First, let's look at the "Save As" dialog. As you can see from this screen capture, we have some new options:




The Default

The first choice saves in the default format. This is configurable under "Excel Options", but by default this saves in the new Office Open XML (OOXML) format, with an "xlsx" file extension.

With Macros

The "Excel Macro-Enabled Workbook" option saves as an "xlsxm" extension. It is OOXML plus proprietary Microsoft extensions. These extensions, in the form of binary blob called vbaProject.bin, represent the source code of the macros. This part of the format is not described in the OOXML specification. It does not appear to be a compiled version of the macro. I could reload the document in Excel and restore the original text of my macro, including whitespace and comments. So source code appears to be stored, but in an opaque format that defied my attempts at deciphering it.

(What's so hard about storing a macro, guys? It's frickin' text. How could you you screw it up? )
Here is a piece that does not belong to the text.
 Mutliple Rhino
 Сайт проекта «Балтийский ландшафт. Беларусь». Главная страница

This has some interesting consequences. It is effectively a container for source code that not only requires Office to run it, but requires Office to even read it. So you could have your intellectual property in the form of extensive macros that you have written, and if Microsoft one day decides that your copy of Office is not "genuine" you could effectively be locked out of your own source code.

New Style Binary

The "Excel Binary Workbook" option caught me by surprise. This is not the legacy binary formats. This is not the new OOXML. This is a new binary format, with an "xlsb" extension. Similar to OOXML it has a Zip container file (the so-called Open Packaging Conventions container file format), but the payload consists (aside from a manifest) entirely binary files.
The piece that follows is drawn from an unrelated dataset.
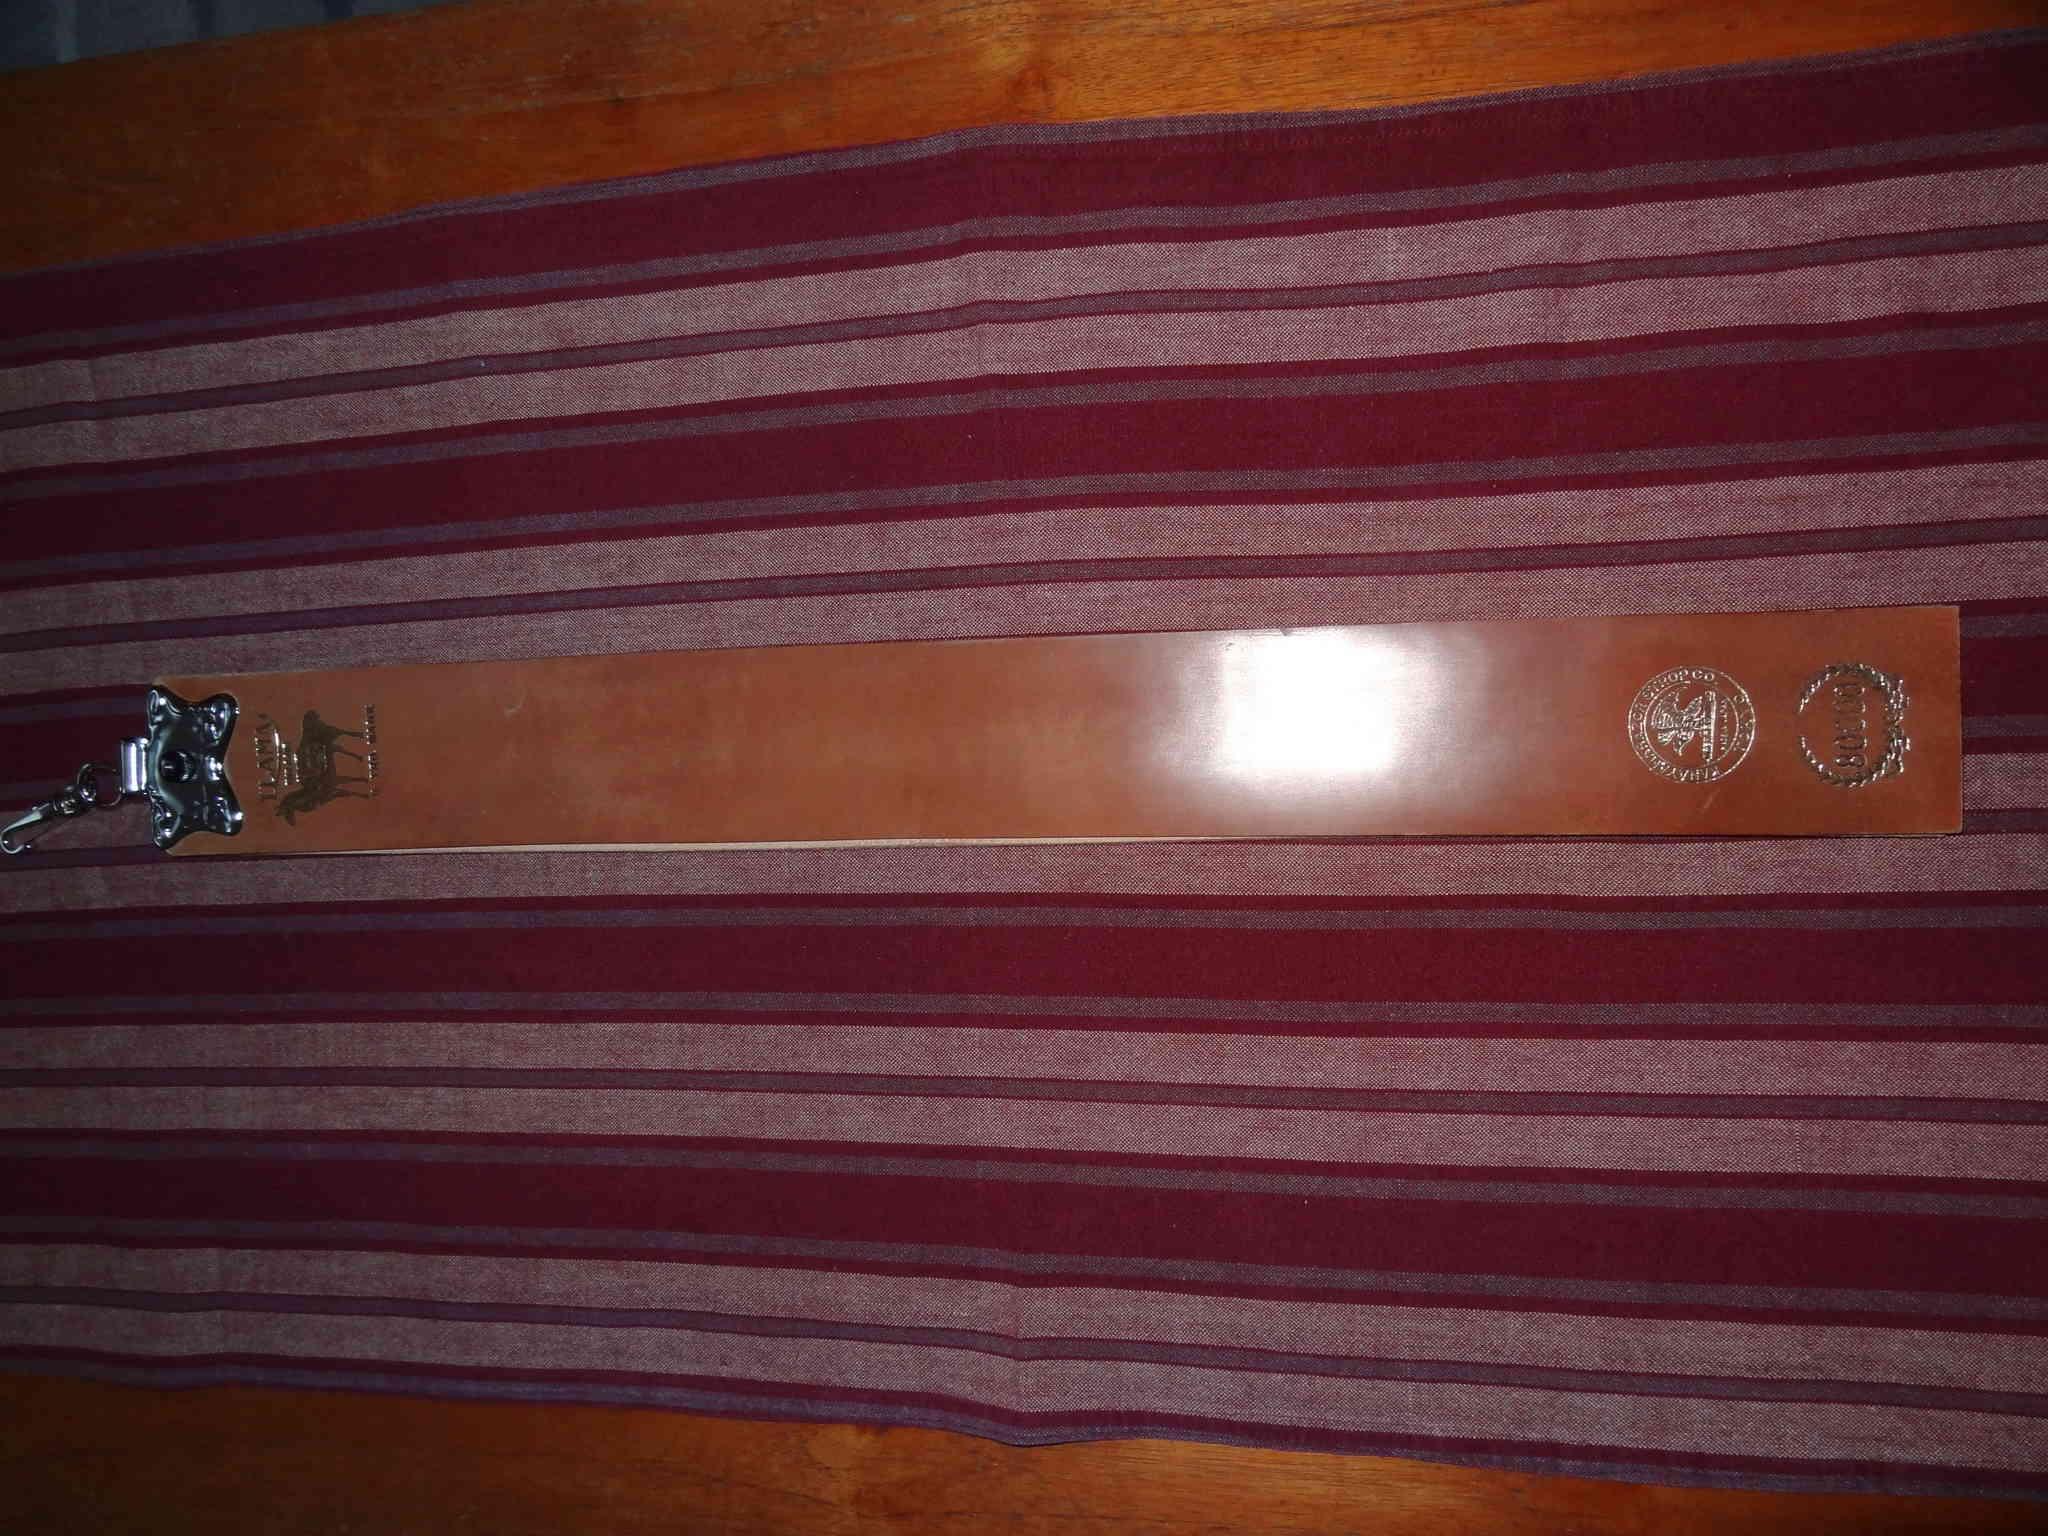 strop en cuir de cheval végétal Dsc01430

I can't tell if they are some proprietary binary mapping of the OOXML XML, or whether this is an entirely new binary format unrelated to the XML format. In any case this format is entirely undocumented and is unreadable to anyone by Microsoft.

It is also interesting that Microsoft is positioning this format as the preferred one for performance and interoperability. The online help for Excel 2007 says:
In addition to the new XML-based file formats, Office Excel 2007 also introduces a binary version of the segmented compressed file format for large or complex workbooks. This file format, the Office Excel 2007 Binary (or BIFF12) file format (.xls), can be used for optimal performance and backward compatibility.

Old Style Binary

The Excel 97-2003 option provides the legacy binary "xls" formats, the familiar BIFF format from earlier versions of Office.

Find add-ins

This takes you to a page where you can download the "Microsoft Save as PDF or XPS" Add-in. Note that you are prompted to download an Add-in that provides support for both PDF and XPS. But if you hunt around a bit you can find another page where you can download just one format or the other, which is what I did, installing just the PDF support. This added a new option, "PDF" to the Save As dialog.

Other Formats

This brings up a dialog where you can choose from the previously mentioned formats as well as the several legacy export formats, including:


Summary

My overall impression was soured a bit by the large number of crashes I experienced. Indeed Excel crashed on exit on almost every session. This was dozens of crashes over the course of an afternoon. This will need to be fixed before I would trust it with my data.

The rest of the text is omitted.